The optical disc 1 manufactured as described above can be processed by a CLV type optical disc device which records or reproduces data at a clock speed corresponding to the track position (145 steps, every 155 tracks). In this case, since the speed change at the boundary between each track group is within 1%, reliable reproduction is possible.

[Effects of the Invention] As described in detail above, according to this invention, it is possible to provide a recording medium that can preformat block data on a master disc without reducing its recording capacity, and that can reduce the price.

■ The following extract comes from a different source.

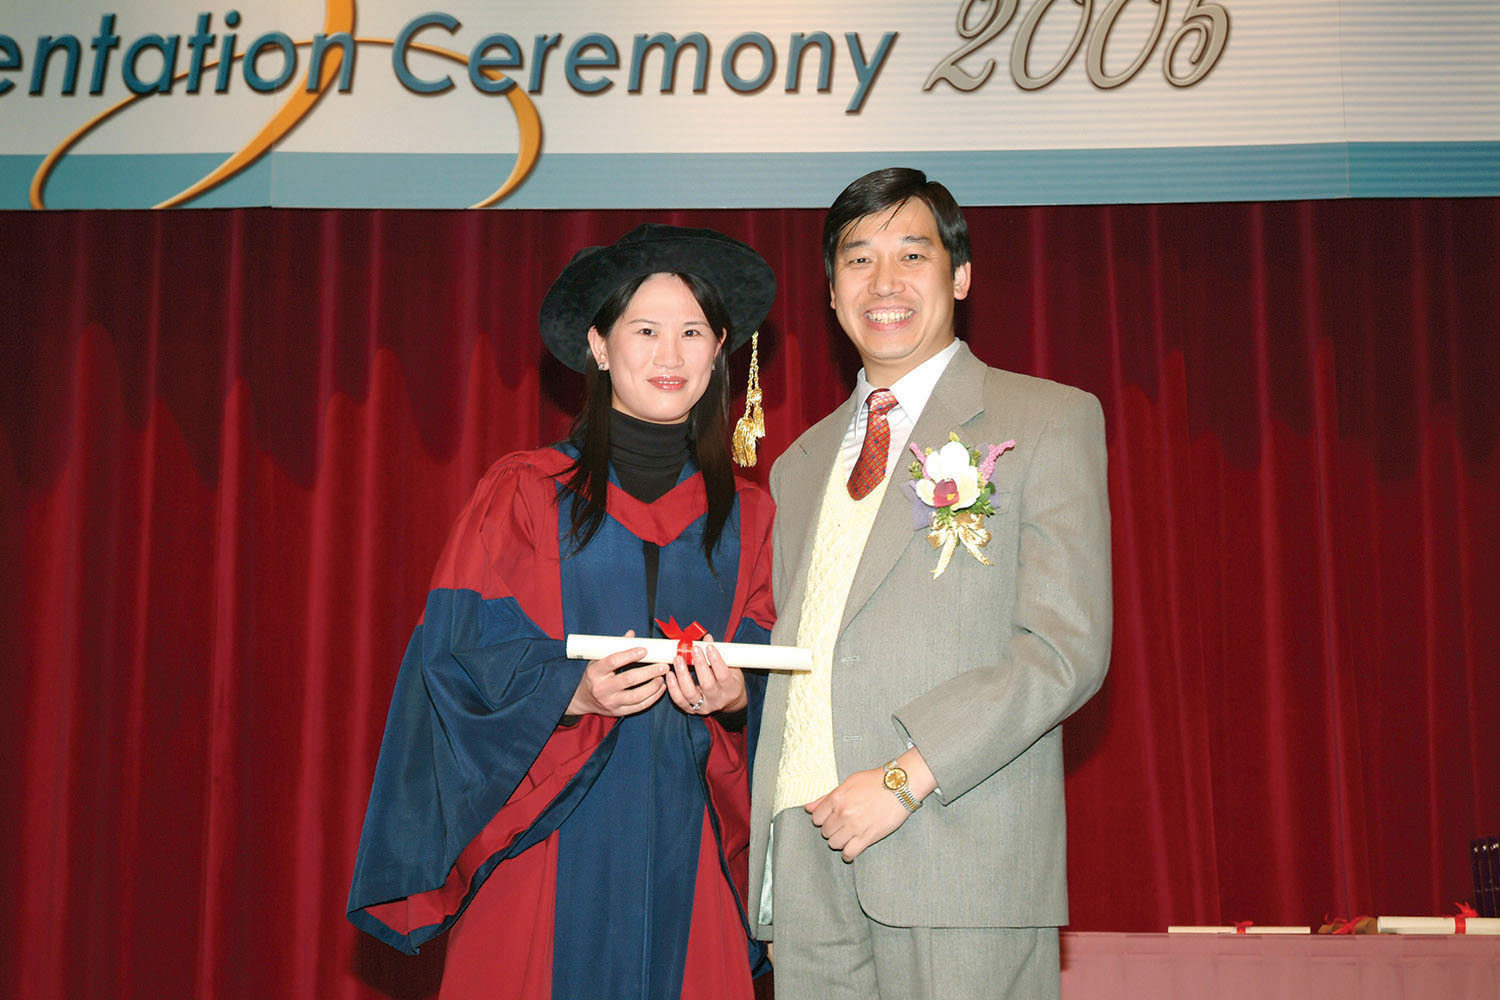 Professor May Wong

[Brief explanation of the drawing]

The drawing is a diagram for explaining the configuration of an optical disc in an embodiment of the present invention. 1... Optical disc (recording medium), 1! ...Reference position mark, 1a...Data recording area, a to k...Track group, A...Block header (block data). Applicant's representative Patent attorney Takehiko Suzue... Commissioner of the Patent Office Michibe Uga 1. Indication of the case Patent Application No. 1988-29705 2. Recording medium for the name of the invention 3. Patents related to the amended person's case Applicant (307) Toshiba Corporation 4, Agent 5, Voluntary Amendment 7, page 8, line 12 to line 13 of the statement of contents of the amendment: ``The diameter of the recording pit is 1.2 μm, the width of the track ``But'', it says ``
The recording bit pitch is 1.2 μm, and the track pitch is
I am corrected.

Claims (4)

[Claims] (1) In a device that divides concentric or spiral tracks into blocks and records data based on the block data formed at the beginning of each block, the number of blocks is the same for each of the plurality of tracks. A recording medium characterized in that block data for each track group is formed at the same location. (2) The recording medium according to claim 1, wherein the block data is composed of address data such as a track number and a block number. (3) The recording medium according to claim 1, wherein a non-recording track in which at least one track's worth of data is not recorded is provided between the track groups having different numbers of blocks. (4) The recording medium according to claim 1, wherein the block data for each track group having a different number of blocks is formed at least one location at the same reference position.